• EXERCISE PROMPT: Ignoring every picture, transcribe the data in full as it stands.

• RAW DATA:
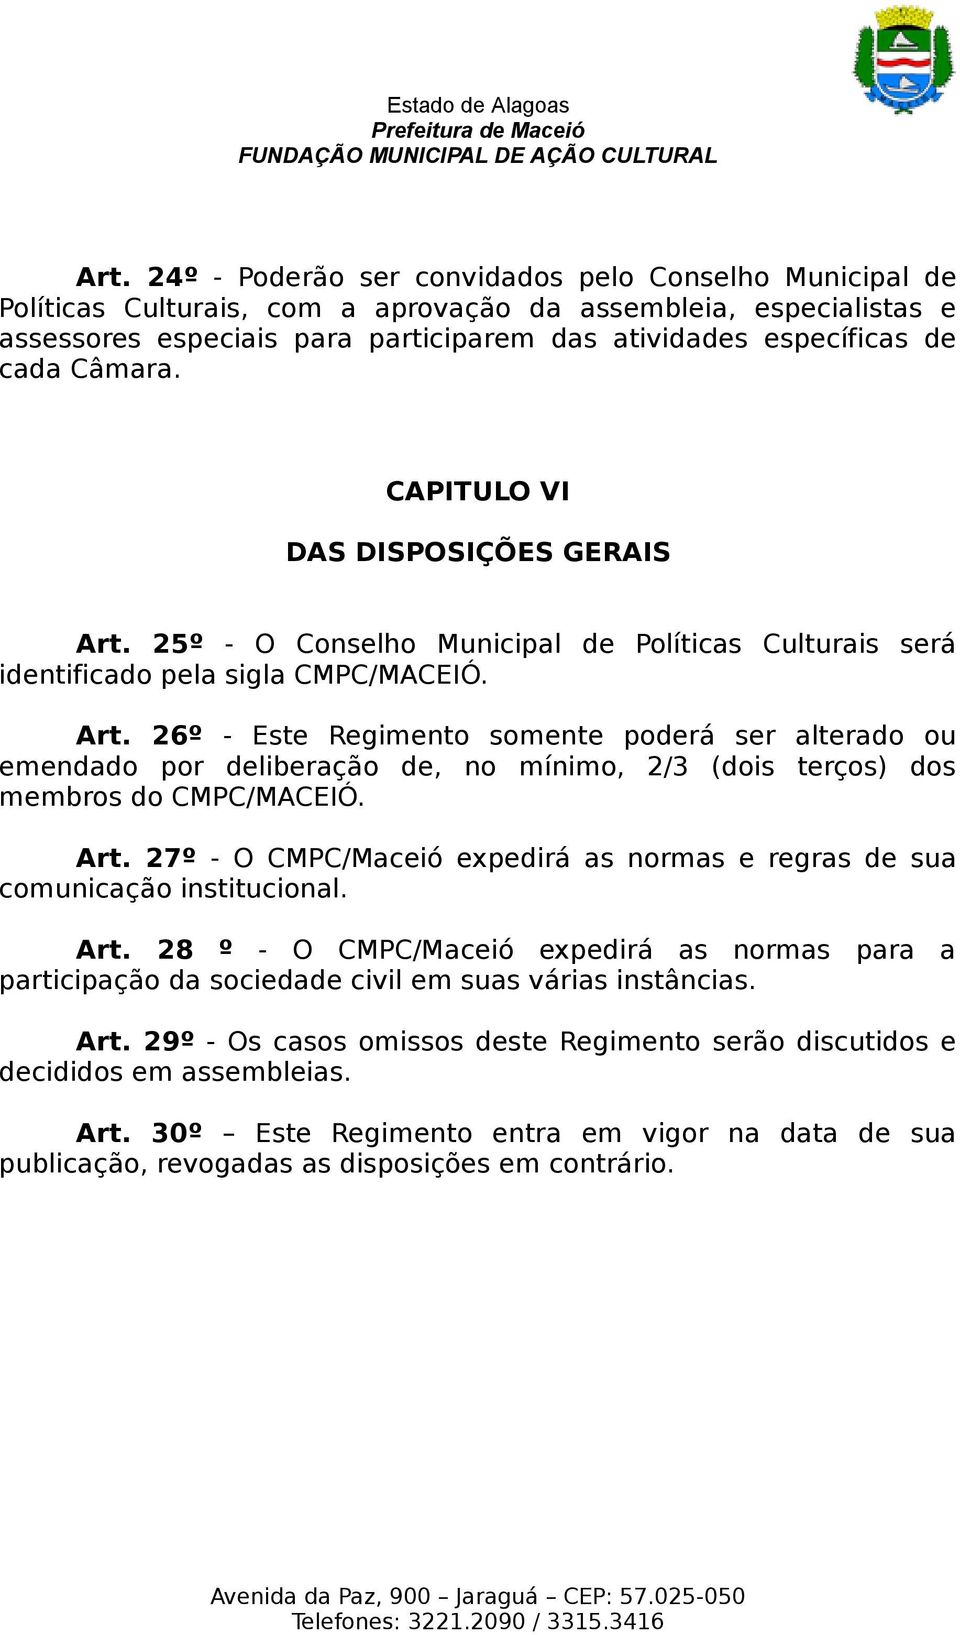 Art. 27º - O CMPC/Maceió expedirá as normas e regras de sua comunicação institucional. Art. 28 º - O CMPC/Maceió expedirá as normas para a participação da sociedade civil em suas várias instâncias.
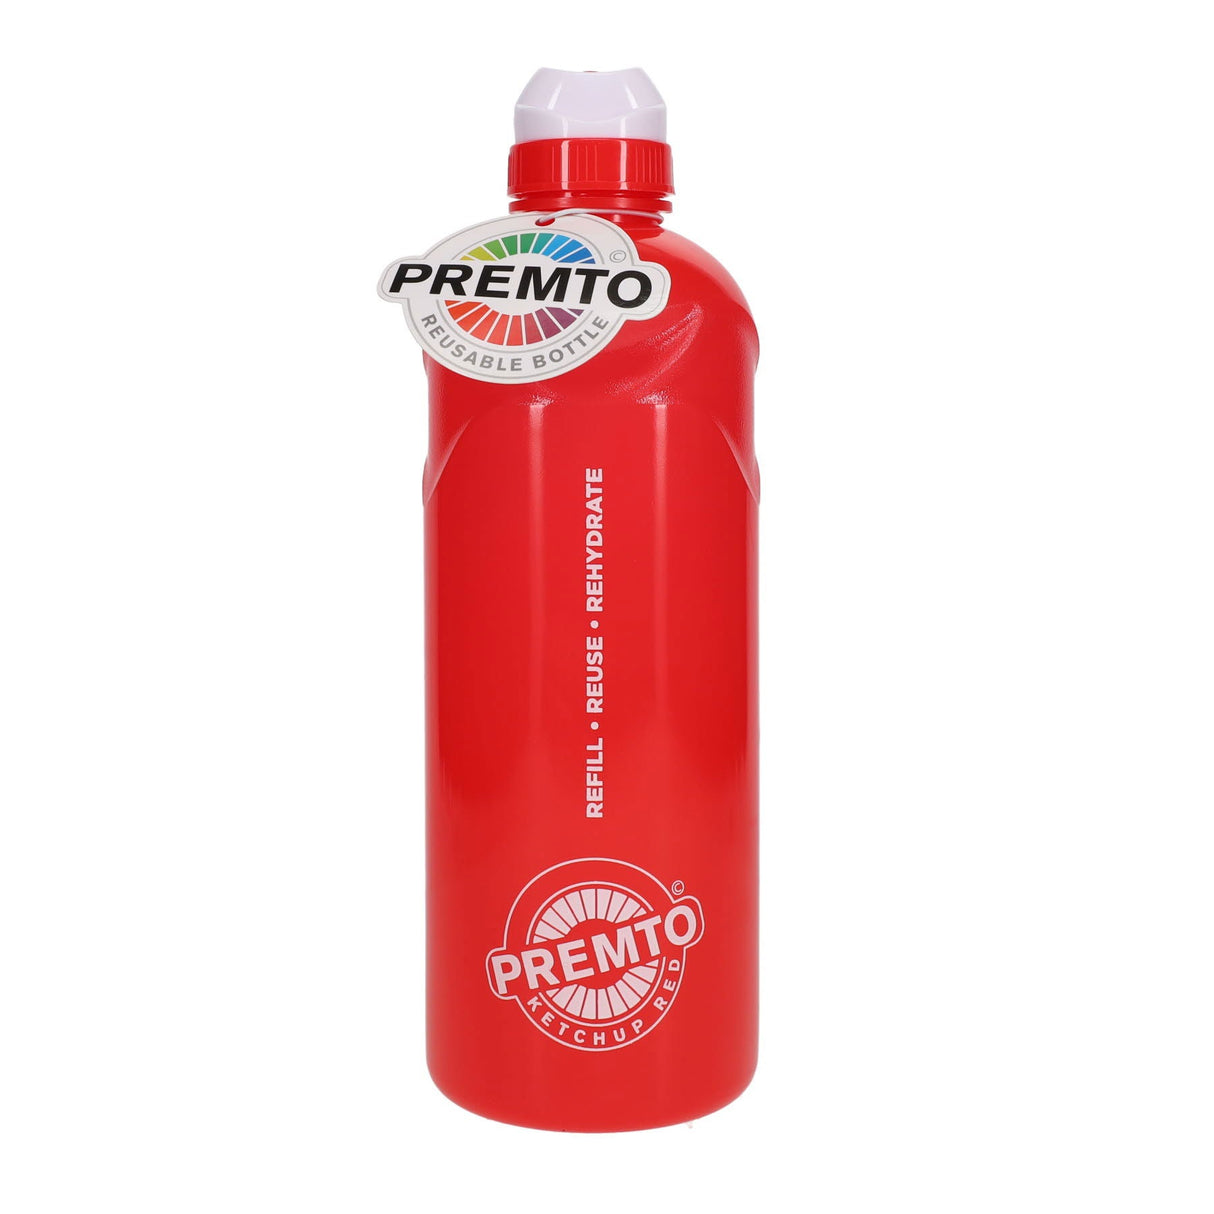 Premto 1 Litre Stealth Bottle - Ketchup Red | Stationery Shop UK
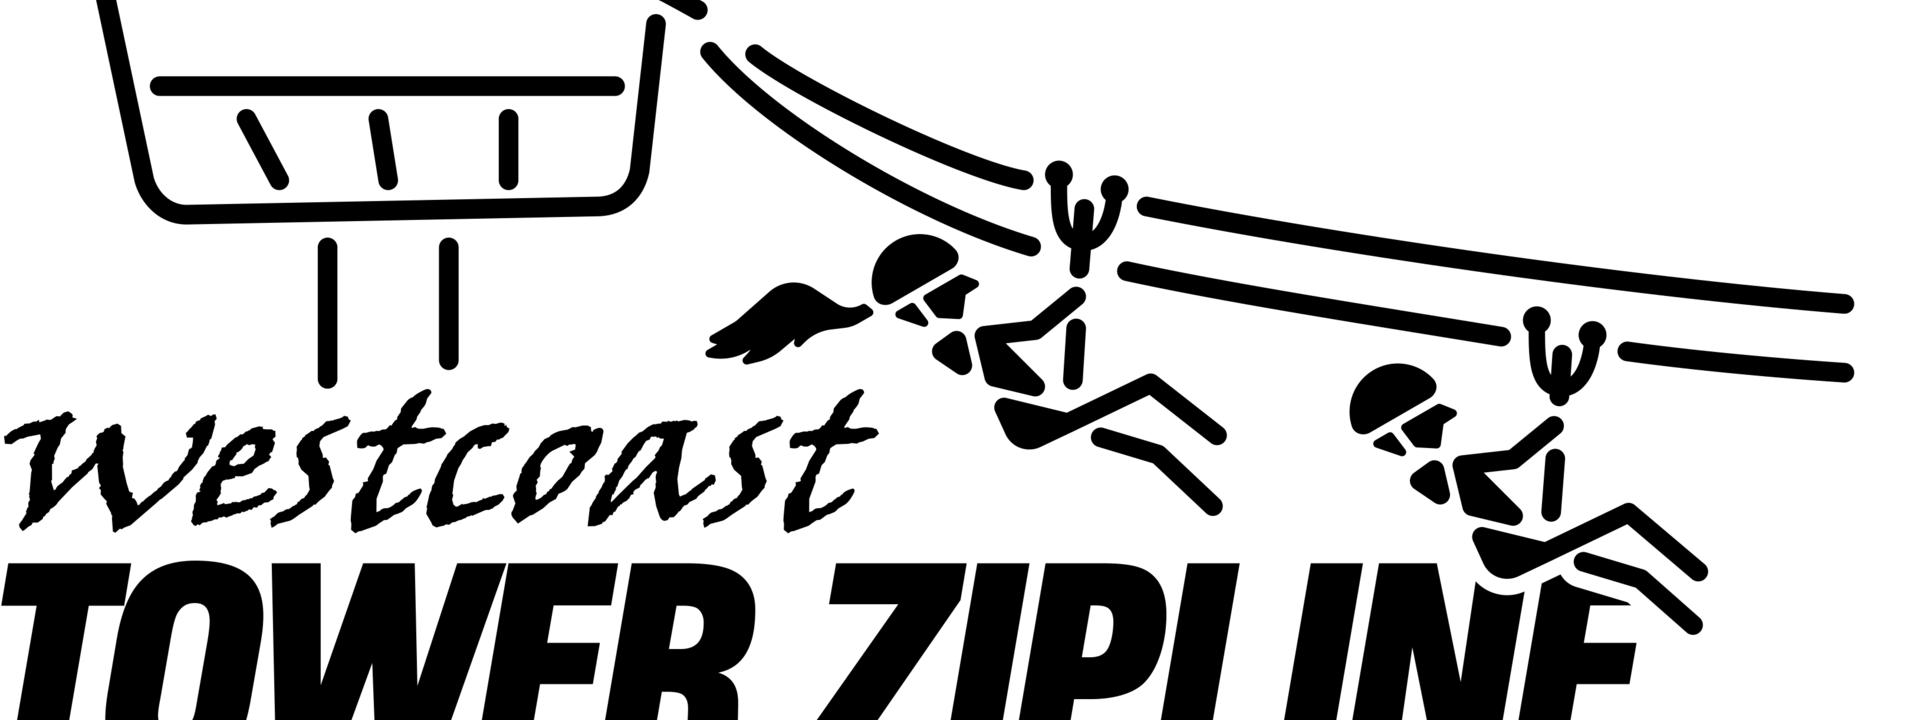 West Coast Tower Zipline Logo Black (1)-1.png

• ANSWER SPACE:
 Art. 27º - O CMPC/Maceió expedirá as normas e regras de sua comunicação institucional. Art. 28 º - O CMPC/Maceió expedirá as normas para a participação da sociedade civil em suas várias instâncias.
 Premto 1 Litre Stealth Bottle - Ketchup Red | Stationery Shop UK
 West Coast Tower Zipline Logo Black (1)-1.png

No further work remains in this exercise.